New work from graduates of Amsterdam’s famous academy.
Recent work by four former students of the Rietveld Academy in Amsterdam shows the rich variety of Dutch typography and graphic design. Lex Reitsma draws on the disorientating visual language of Jan van Toorn; Melle Hammer creates books animated by a meticulous sense of typographic play; and the team of Armand Mevis and Linda van Deursen wield aggressive, mass-culture imagery and logos with near surrealistic attack.
Melle Hammer’s goal is to achieve the optimum in typographic communication. He takes the point of view of a writer (he is a writer himself) and tries to find typographic devices appropriate to the text; he is one of those designers who truly see their role as serving the written word.
Hammer’s favourite devices are size variations in the type and the rhythmic distribution of text across the page like syncopated jazz, or, more fancifully perhaps, the sound of the human voice. These highly personal designs border on fine art. For inspiration, Hammer looks at the concrete poetry of Apollinaire – he is himself a kind of Apollinaire of the Macintosh – and the Dadaist typography of Kurt Schwitters; an early project was a typographic version of Raymond Queneau’s Exercises in Style (1947) in which the same story is told in 99 different ways. A typographer in the traditional craft sense, Hammer carries out all stages of production, even producing his own page films. He also acts as publisher, funding projects himself. After graduating from the Rietveld Academy, Hammer put in a stint at Total Design, then went on to become art director at an advertising agency. He currently works with a designer Bas Oudt in an agency called +X.
Linda van Deursen
Armand Mevis and Linda van Deursen emphatically reject the idea that they belong to any particular school of design. Nor do they believe there is anything to be gained from the example of contemporary fine art, which they find to be without goal or content. In their view, there is more to be learned from a visit to a fashion shop than from a museum or gallery.

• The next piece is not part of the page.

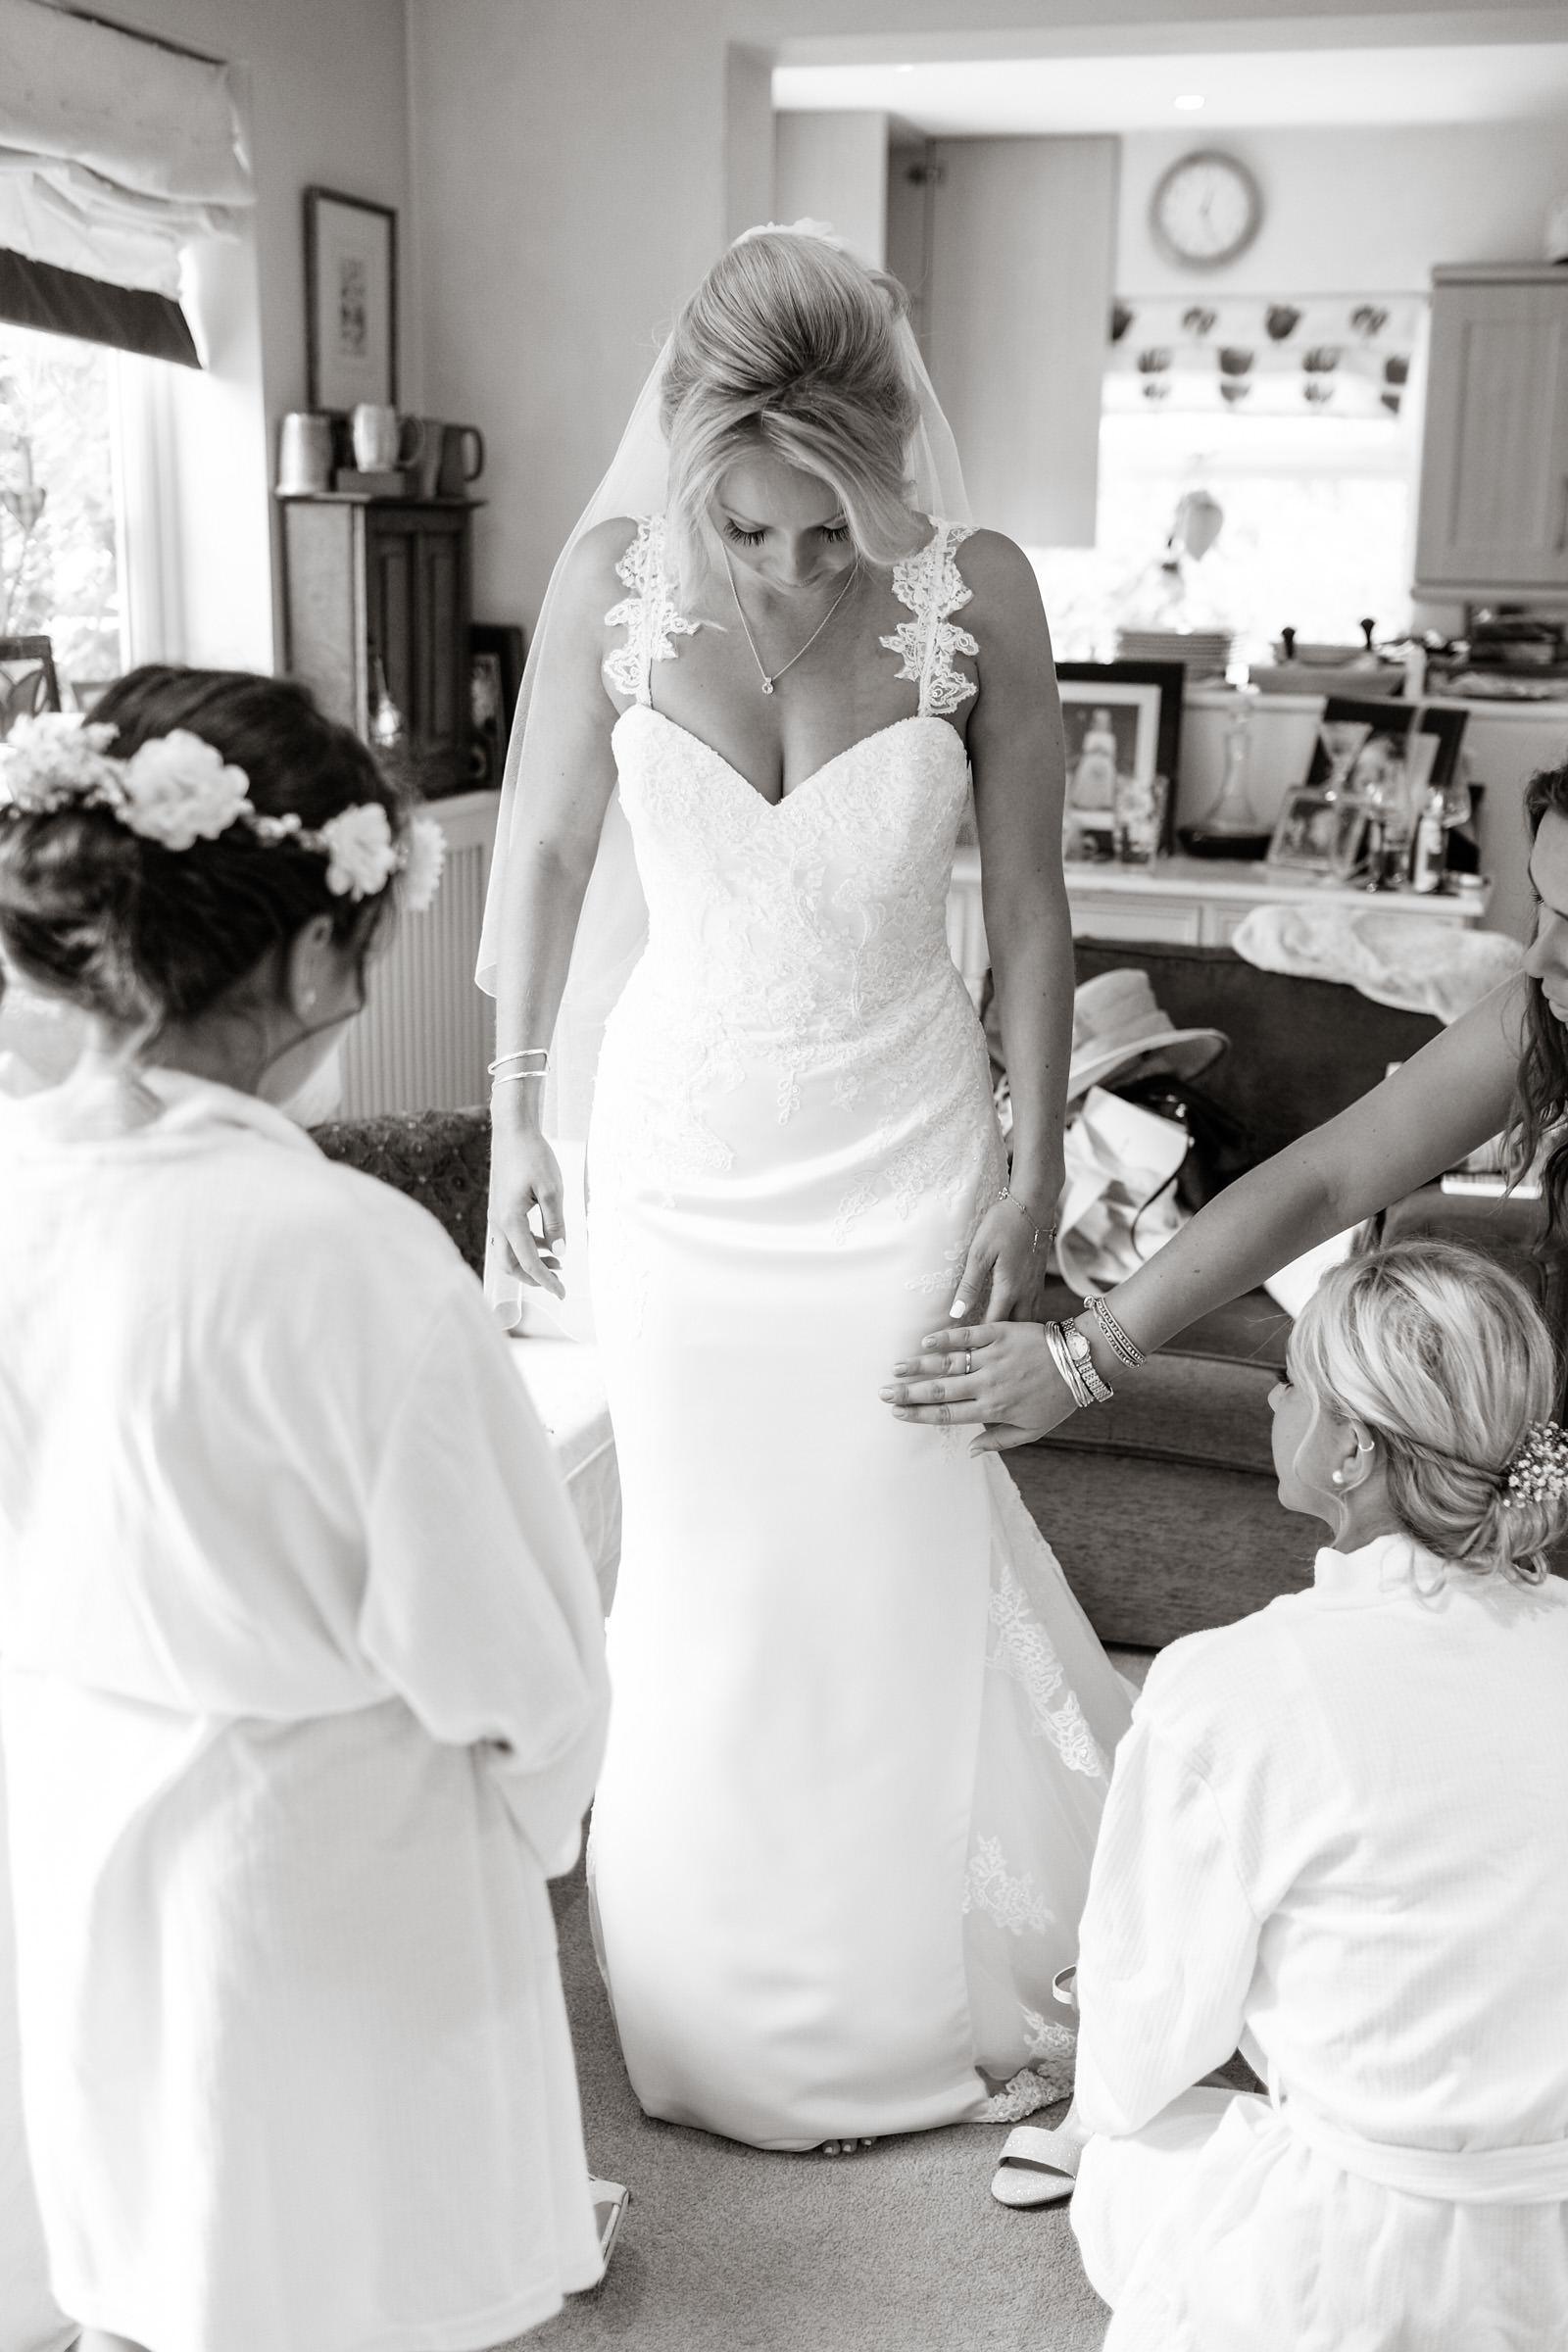 Wedding at Parkside School in Surrey 007.jpg

After graduating from the Rietveld Academy in 1986, Mevis and Van Deursen rapidly abandoned the ‘neo-constructivist’ style they had borrowed from Hard Werken and Studio Dumbar. Working as a partnership, they developed an approach that combines clean typography with a near surrealistic use of glossy, mass-culture images and endless repetition of logotype-like letterforms.
Mevis and Van Deursen want their designs to be an expression of the times. From the world of fashion and the streets, and a provocative mixture of chic and junk, they derive images which can be applied in their work. They have no interest in producing tranquil, unassuming solutions. If the world is chaotic, they say, it makes no sense to try to organise it through design. Instead, they seek to gain control of chaos by exaggerating it and reducing it to caricature.

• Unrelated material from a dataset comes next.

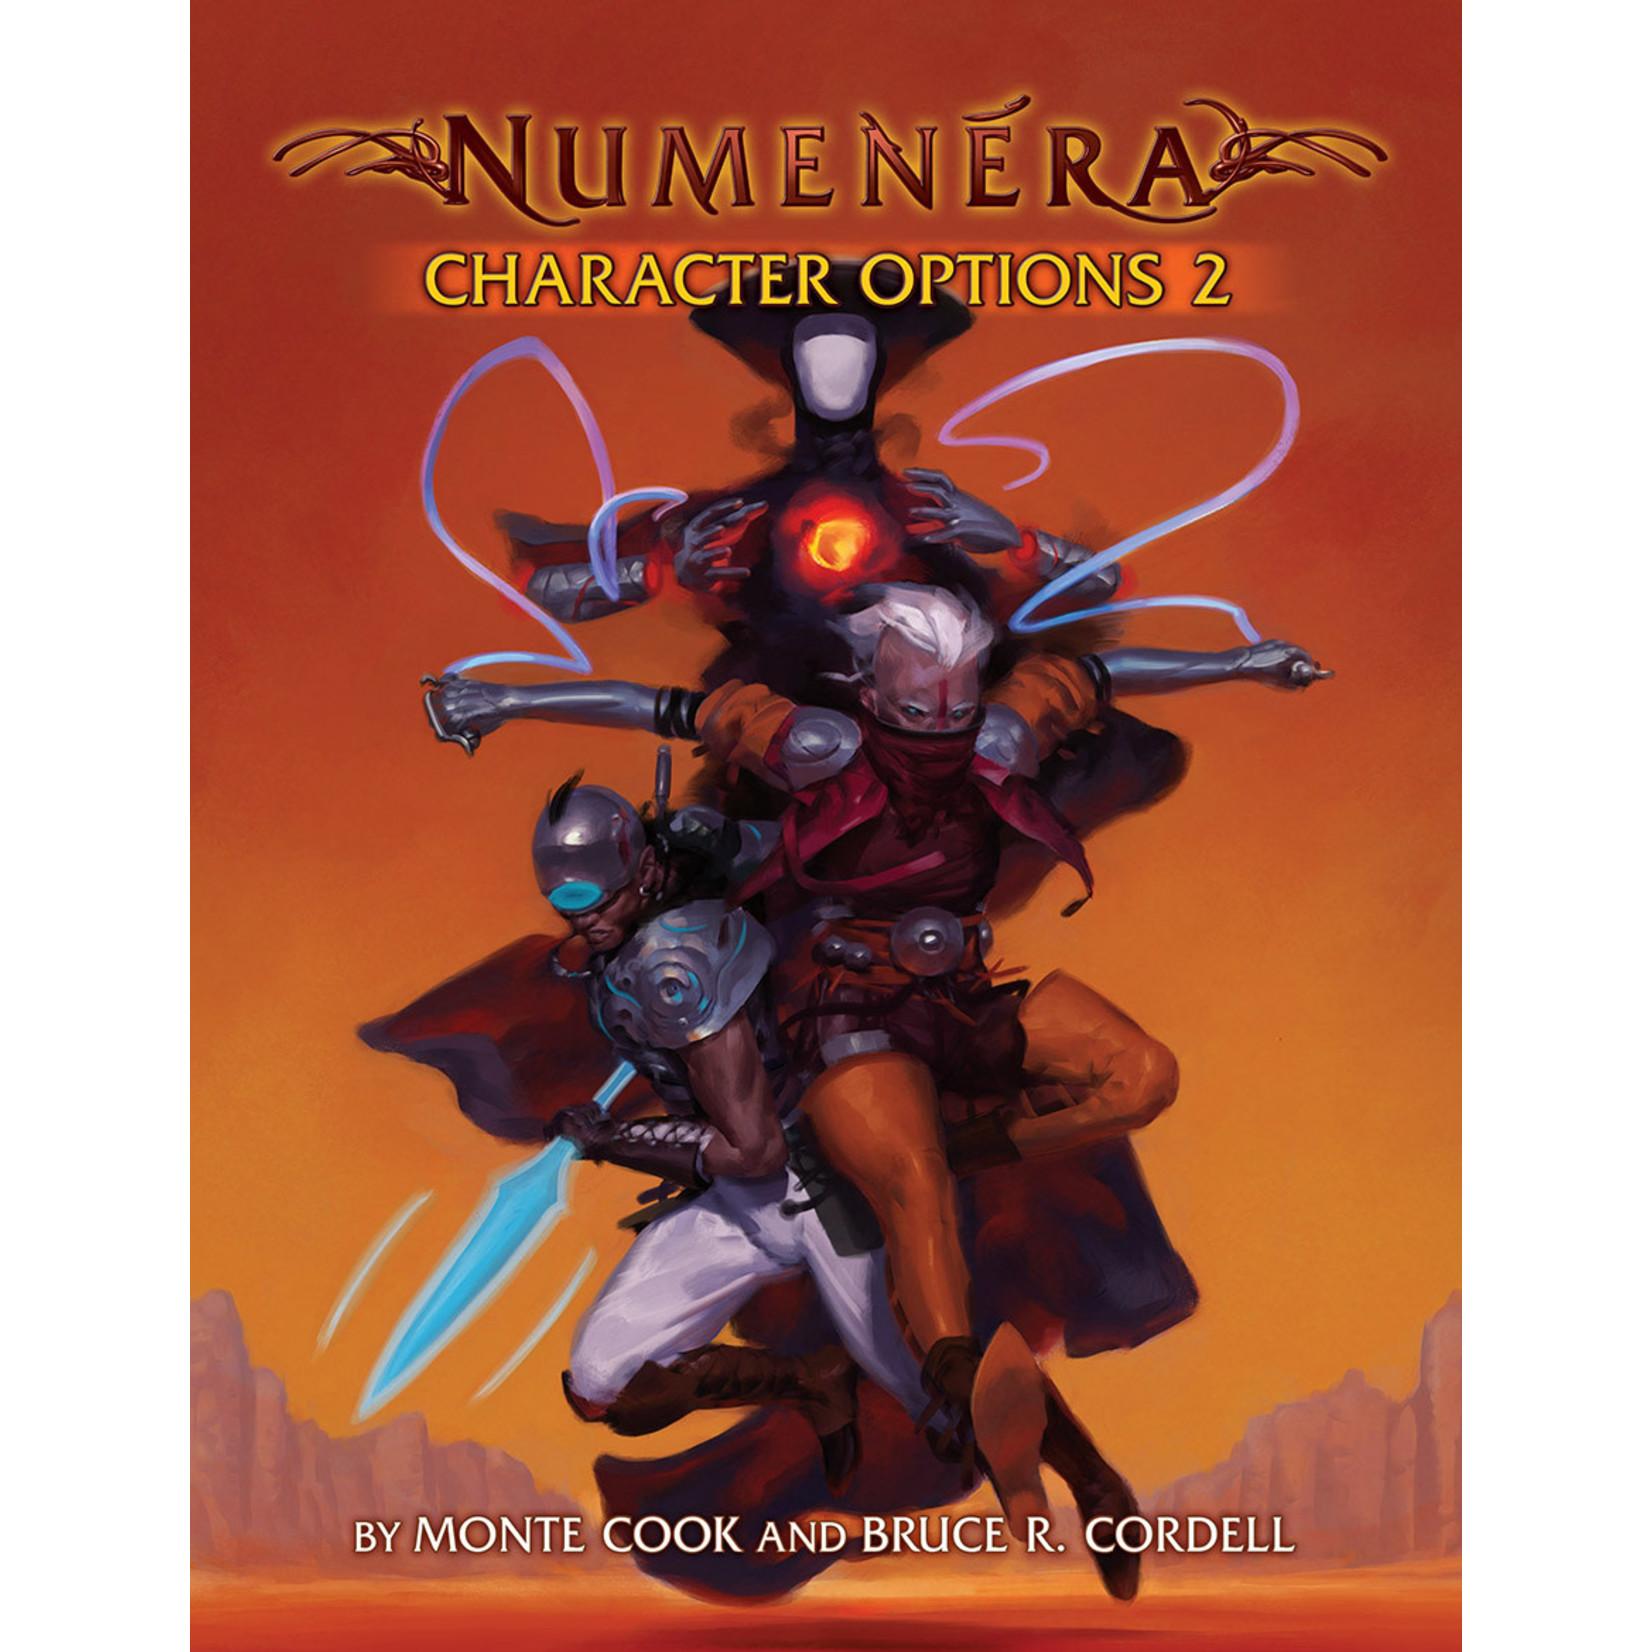 Numenera RPG Character Options 2

As a student of Jan van Toorn at the Rietveld Academy, Lex Reitsma was heavily influenced by his visual style, though not by his commitment to social causes. Van Toorn’s rhythmically structured typography, fragmentary collages and disorientating compositions came as refreshing change from the purified minimalism of the functionalist era. By his example, Van Toorn created a space for an individualistic approach that allowed the designer to tell his or her own story, while resolving the given contents of a brief.

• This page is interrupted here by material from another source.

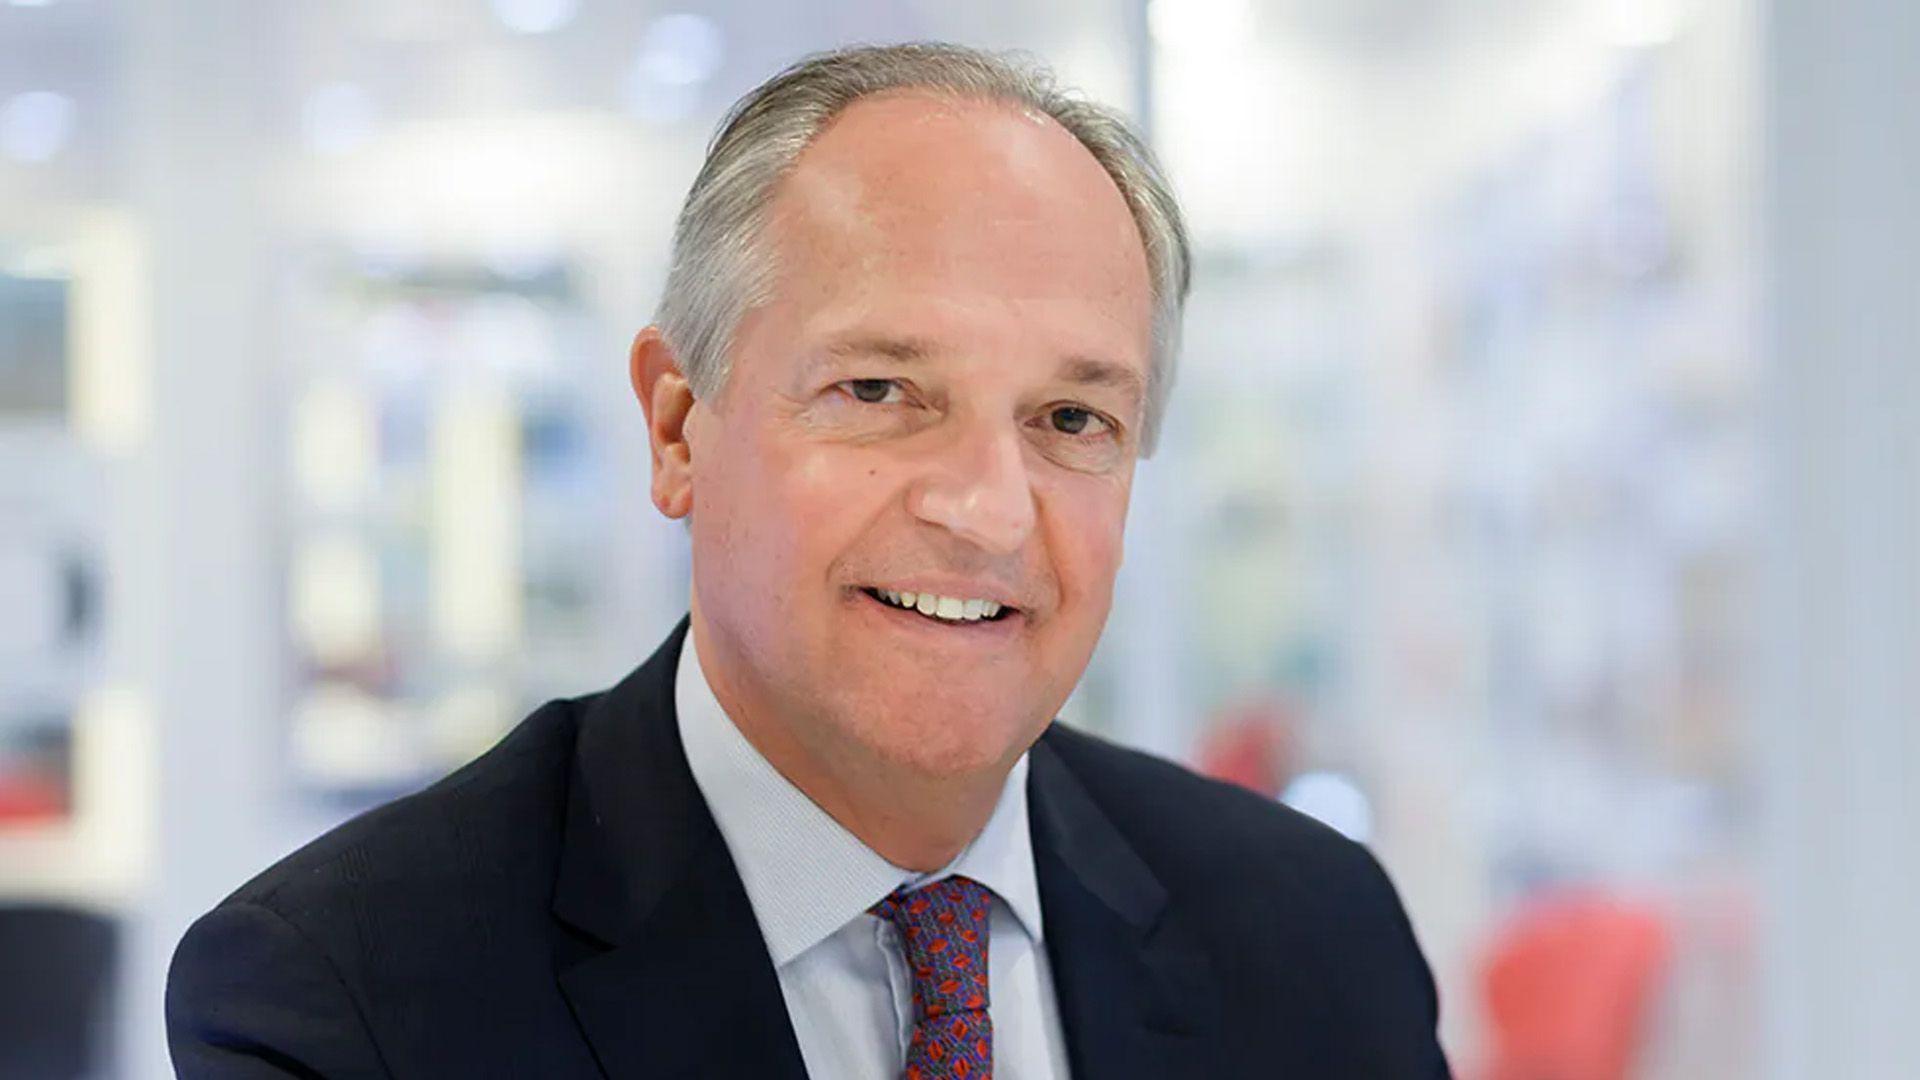 Paul Polman, former Unilever CEO

In one of his earliest designs, an annual report for the Dutch arts council, Reitsma pushed the formal freedoms granted by Van Toorn to the limit, rotating grids and intermingling them to create page layouts of great complexity. A visual strategy that had started out as a political tool was used as a way of distinguishing clients in a communications landscape dominated by conformity.
The complex symbolism that underpins Reitsma’s image combinations and his clear typographic approach make his posters stand out from the urban wallpaper which is the fate of most commercial graphics. His designs have a strong personal character without being off-putting; materials and bindings are used to create attractively crafted objects. But Reitsma achieves his effects at a price, and his polished elegance prevents any real confrontation with either the subject matter or the spectator.